Remix.run Logo
vitus 3 days ago

> The GPU implementation's logarithmic scaling becomes evident at longer sequence lengths.

I don't see logarithmic scaling, actually. From the table for GRU performance, going from 16384 -> 65536 (namely: increasing the input by 4x) is roughly a 4x increase in time whether looking at CPU-scan or GPU-scan. Okay, maybe the inputs need to be bigger. Looking at the next plot, which goes up to 524288, we see the same behavior: the delta between CPU-scan and GPU-scan doubles as we double the input. That's a constant multiplicative factor. Same holds for LSTM performance.

Is this an artifact of the benchmark setup? Are we actually measuring the amount of time needed to load the full context into RAM? Or perhaps we're bottlenecked on memory bandwidth?

> Success: The gate extraction kernel, which was a huge bottleneck, now only takes 8% of the total time and is memory-bandwidth bound, saturating L2 bandwidth at 1.9 TB/s. This is a good place to be.

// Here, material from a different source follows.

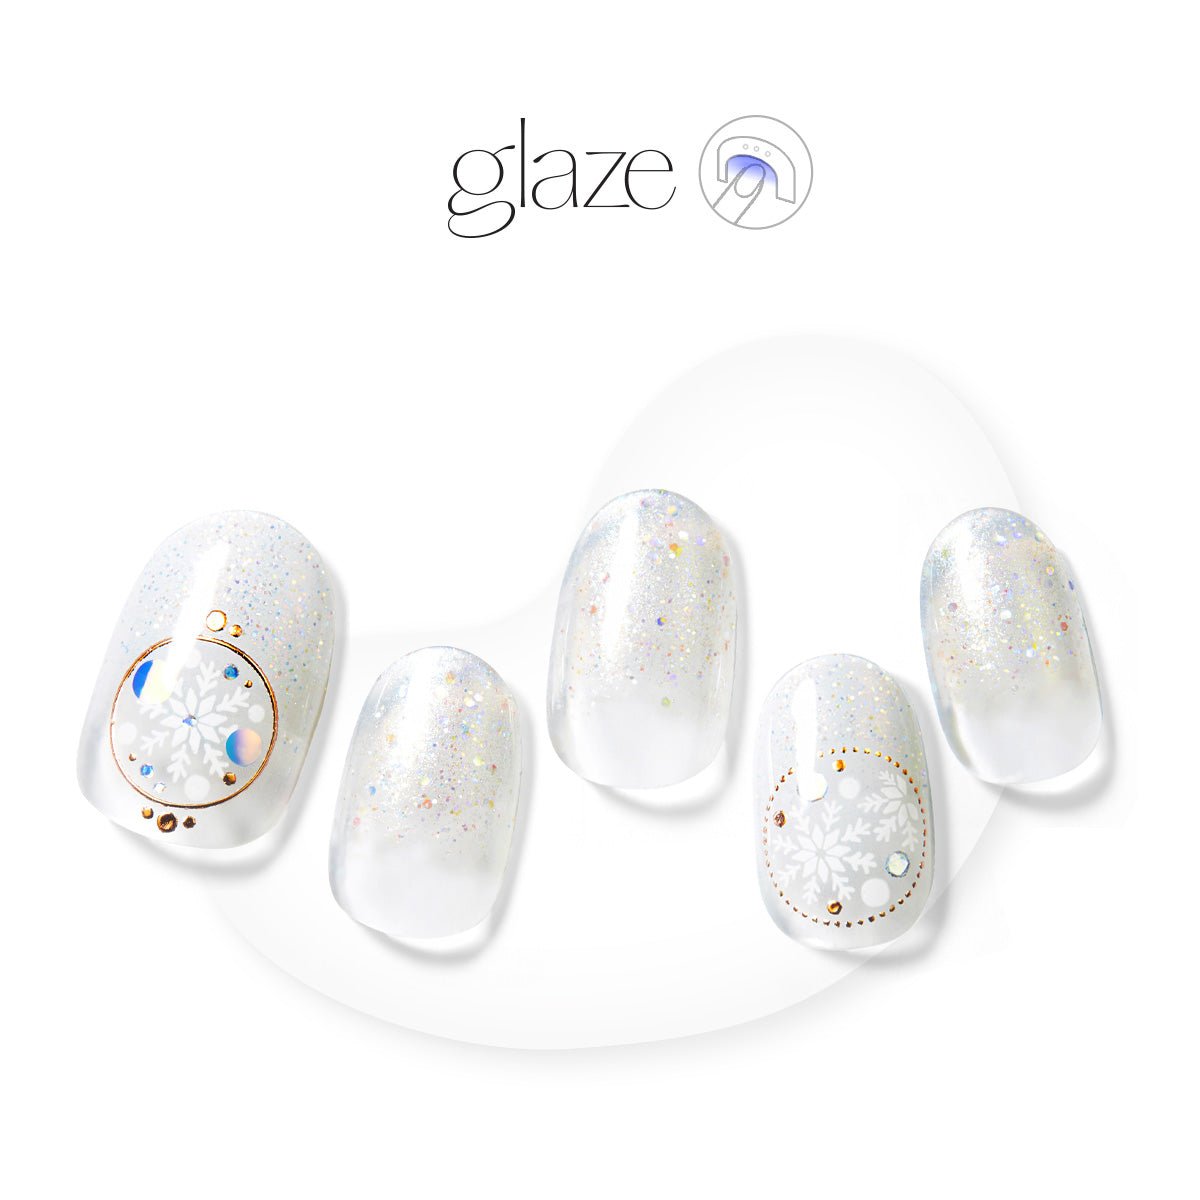 Snow Glass - Glaze Art - Manicure - Dashing Diva Singapore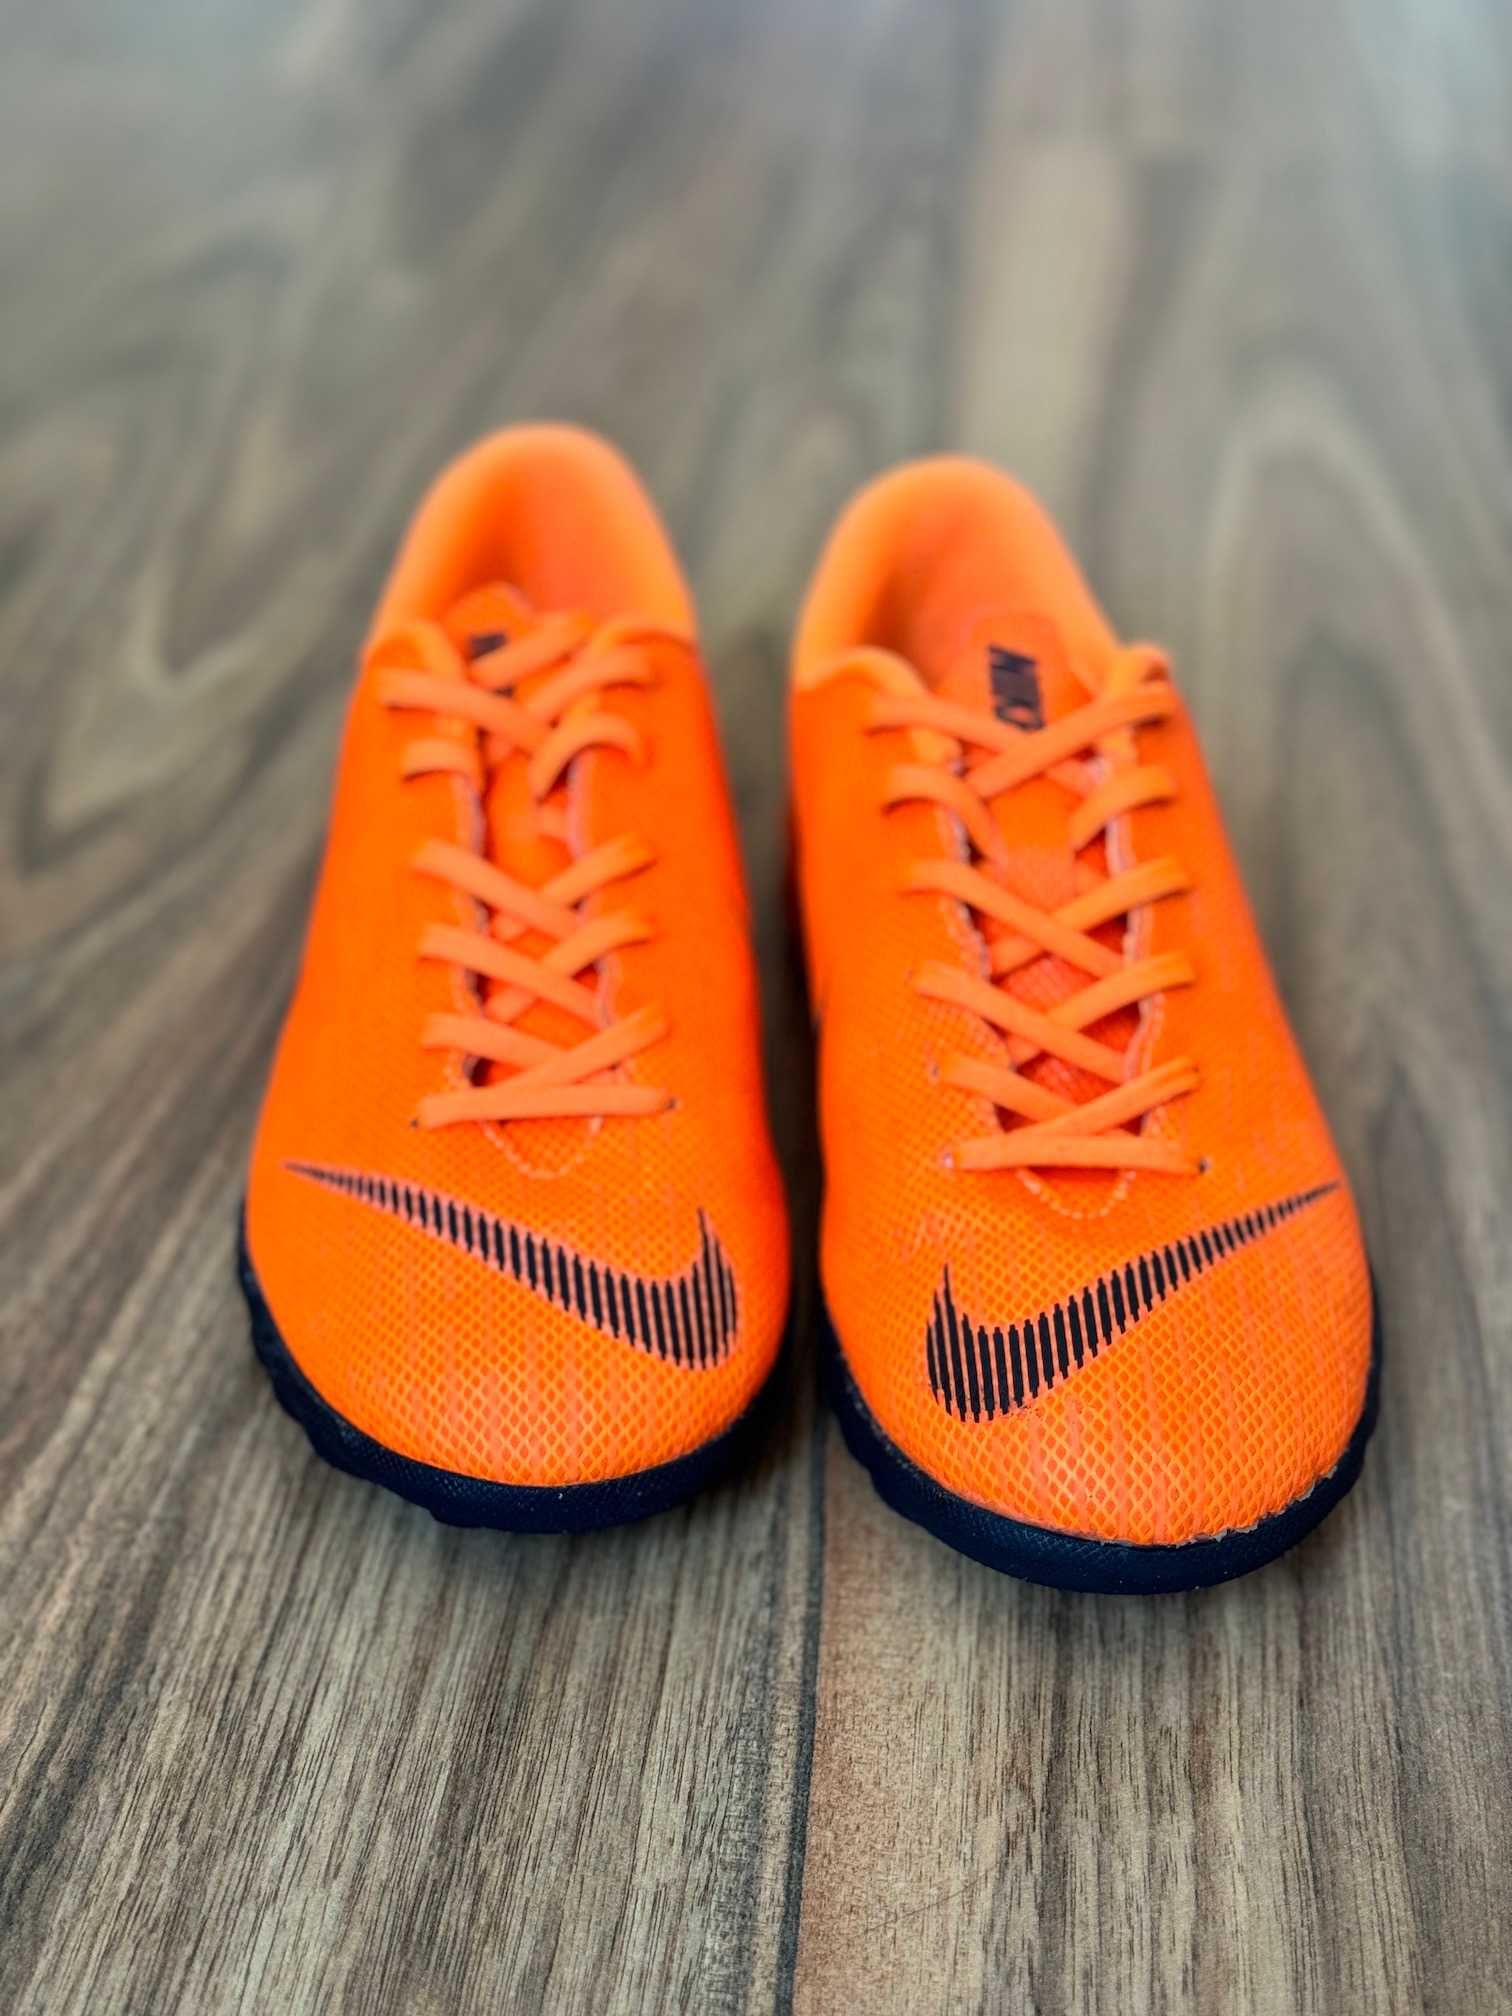 Adidasi / ghete fotbal baieti Nike- 36- foarte bine intretinuti

Sounds like that might be the case.

tripplyons 2 days ago | parent [-]

Typically the fastest approaches for associative RNNs combine the advantages of the parallel O(n log n) algorithm with a recurrent non-parallel O(n) approach by computing results for subsequence chunks in parallel and moving to the next chunk in a recurrent manner. This blog post explains the method (chunkwise parallel algorithm) well: https://sustcsonglin.github.io/blog/2024/deltanet-2/